* **ACTIVITY**
From the entries below, please output exactly the lines starting at the one containing "เกาหลีใต้สั่งปรับ Google เป็นเงินมหาศาล" and ending at the one containing "New Study Reveals", both included.

* **EXERCISE DATA**
────
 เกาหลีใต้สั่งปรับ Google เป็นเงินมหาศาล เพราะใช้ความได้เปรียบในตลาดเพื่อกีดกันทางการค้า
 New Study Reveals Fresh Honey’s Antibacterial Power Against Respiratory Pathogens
────
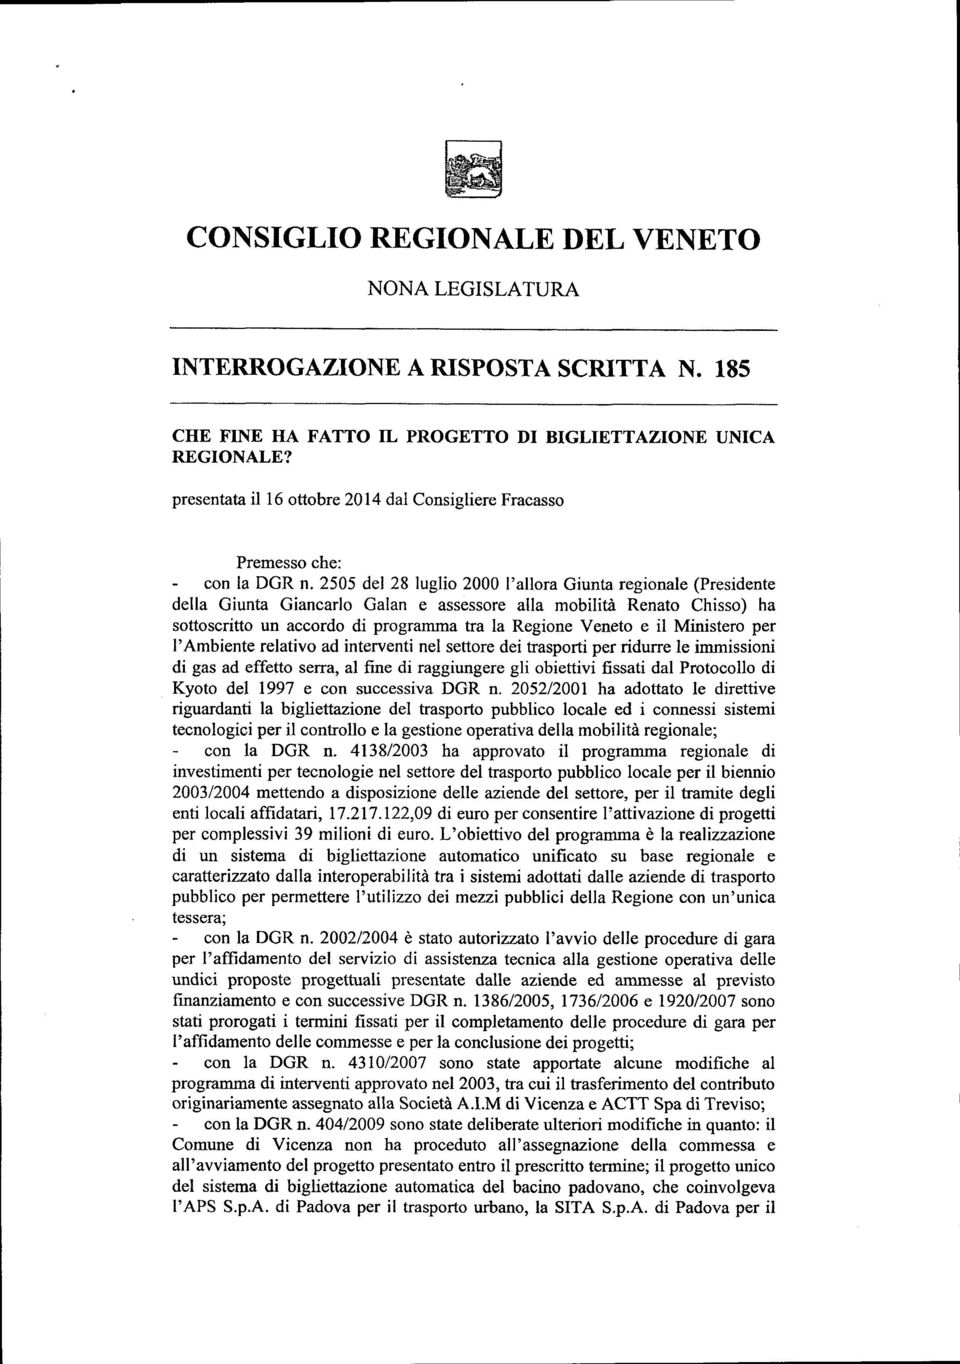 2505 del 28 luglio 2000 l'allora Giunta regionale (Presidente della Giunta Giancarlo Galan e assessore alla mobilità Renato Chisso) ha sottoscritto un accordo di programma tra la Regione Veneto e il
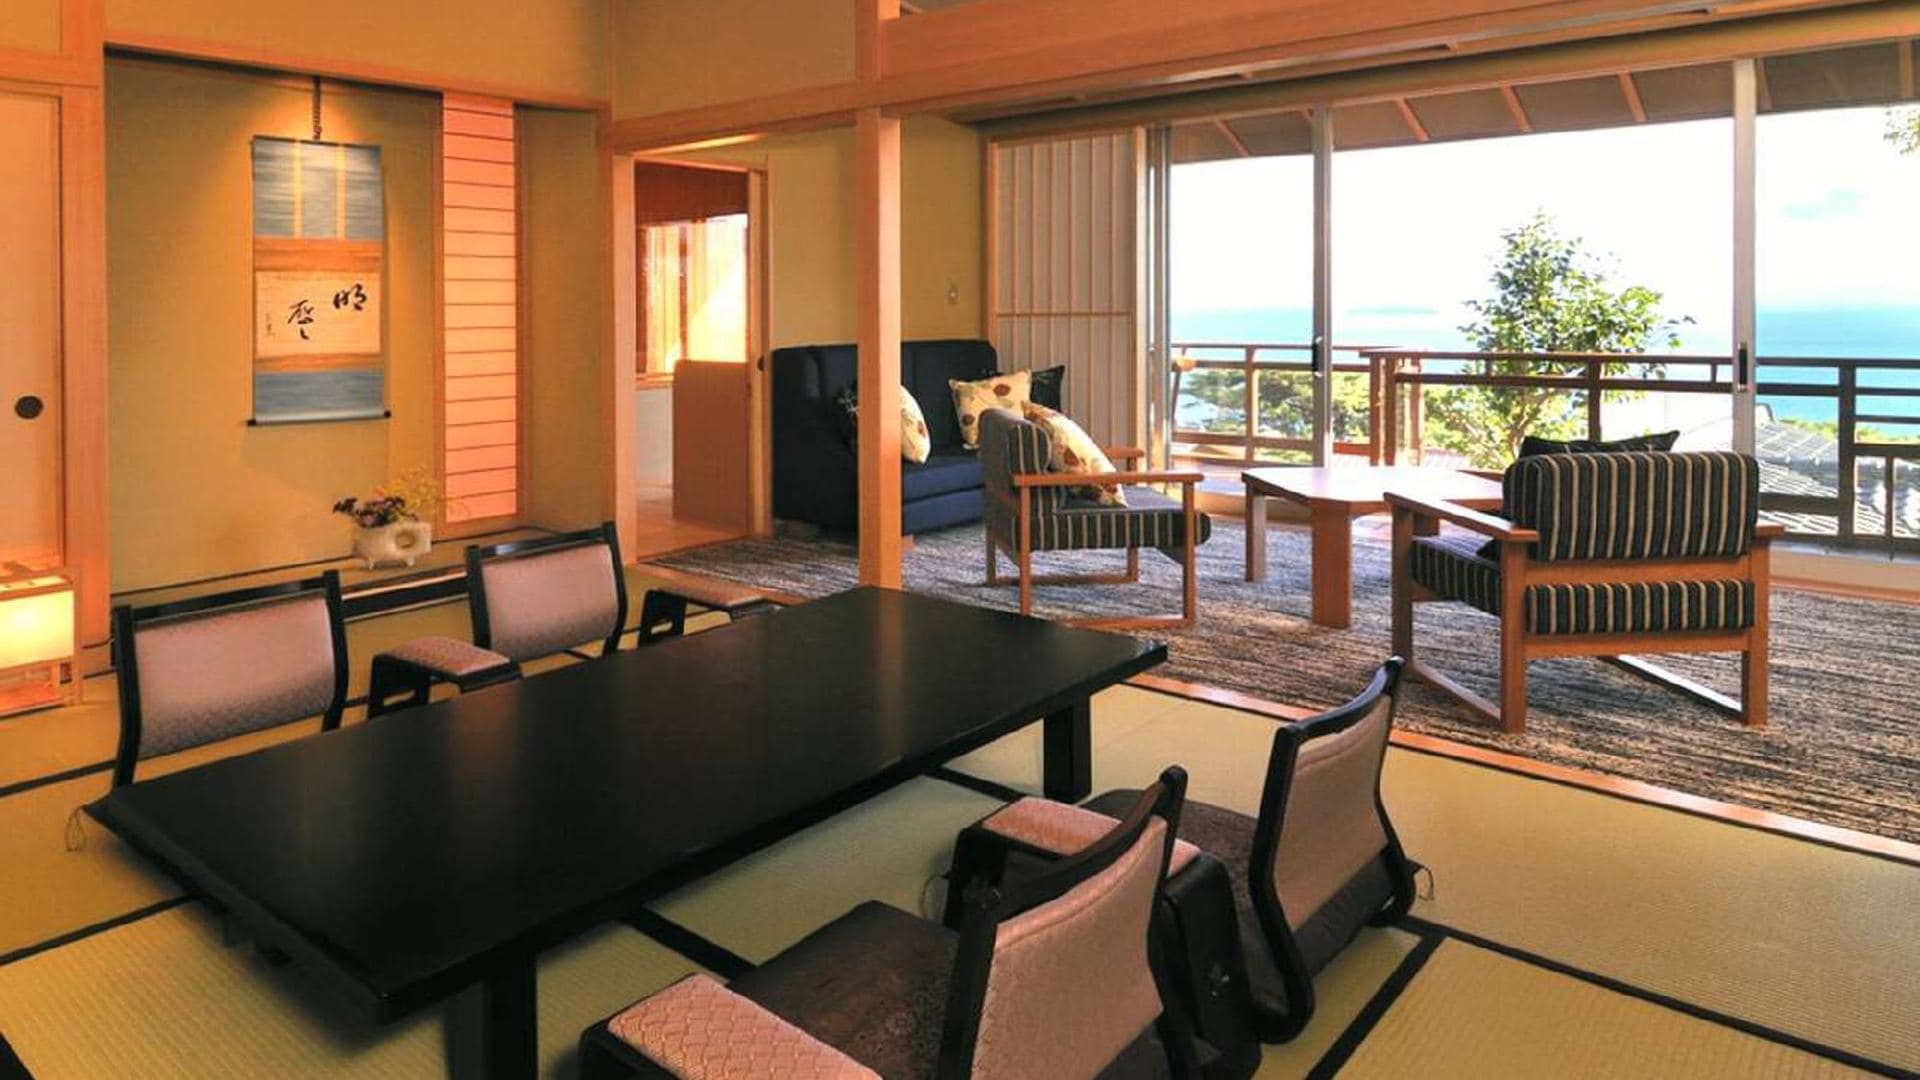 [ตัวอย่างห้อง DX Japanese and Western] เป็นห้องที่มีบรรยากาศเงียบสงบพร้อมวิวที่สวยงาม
────
* **SOLUTION TO THE PROBLEM**
 เกาหลีใต้สั่งปรับ Google เป็นเงินมหาศาล เพราะใช้ความได้เปรียบในตลาดเพื่อกีดกันทางการค้า
 New Study Reveals Fresh Honey’s Antibacterial Power Against Respiratory Pathogens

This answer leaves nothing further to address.